For the startup of the server, the runtime to process the quotes before it is ready to serve clients is directly proportional to the number of quotes in the file, as is the space. The quotes being stored in an ArrayList makes the overhead for this data structure greater, but it increases the efficiency of the algorithm to process them because it does not need to first determine the length of the file.
The runtime of the getQuotes() functions are determined in the case of a number of random quotes by the size of each category. There could be a category of quotes that is very large, but by storing the character key that indicates the index beginning each category, we only process the quotes of consideration in this function. So, if we select a smaller category relative to the others, those other sizes will not influence our ability to select the category of quotes that we want.

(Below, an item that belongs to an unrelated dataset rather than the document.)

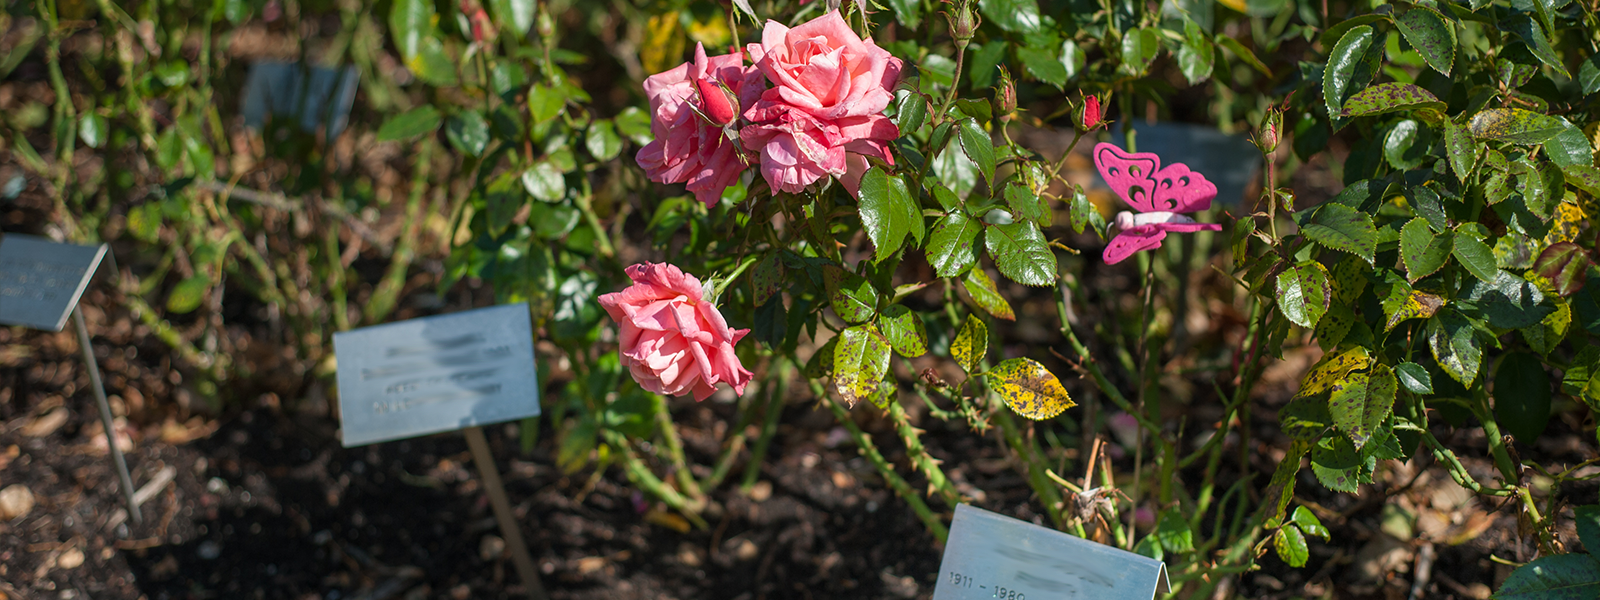 A rose plaque in our rose gardens

Communicating with any individual client will keep it busy until the quotes for that client are finished being processed. This is why we made the decision to end the connection once the quote are transferred to the client. Essentially, by design, the server can only server one client at a time. If it were multi-threaded, we would be able to serve multiple clients, but the speedup would only be seen if a large number of clients were coming in at the same time, and if each only requested a relatively short list of quotes because the CPU would be able to manage many short processes better than many large. But even large processes that exceed the number of cores on the machine would slow down the server considerably.
Given your discussion which is the best one to implement in the context of a small OS class environment? For this class environment, we will likely have a small number of clients and relatively small processes each, so I stand by my choice to start the processing of the file at startup of the server and randomly select them by index in a data structure. With these assumptions, we should not have to worry about either the server on startup, or any individual process taking up too many resources. But, if we are not prepared for a large request from one client, we could get stuck. For this reason we should still have a way to manage the clients based on the size of their requests so that no one in particular can hog the CPU.
Which would be better in a large internet environment? If we had this server on the internet, we would potentially have a huge amount of quotes in the file with many clients coming in at once. This calls for processing at runtime to select quotes from the file. We would spend less space on the quotes being stored in any sort of data structure, and simply transfer a selected quote to the client as we go along. If we could assume that although the number of clients is large, that the size of each process is relatively small, then we might want to store each "package" of quotes that we receive to give to each client in a datastructure before sending it back, to do it all at once. However, if we are multi-threaded, then we might run out of allocated space with many clients asking for small amounts of space all at once. We would also need to ensure that the space for each client's process is properly managed so that we can avoid a larger process getting stuck or any one process running for too long.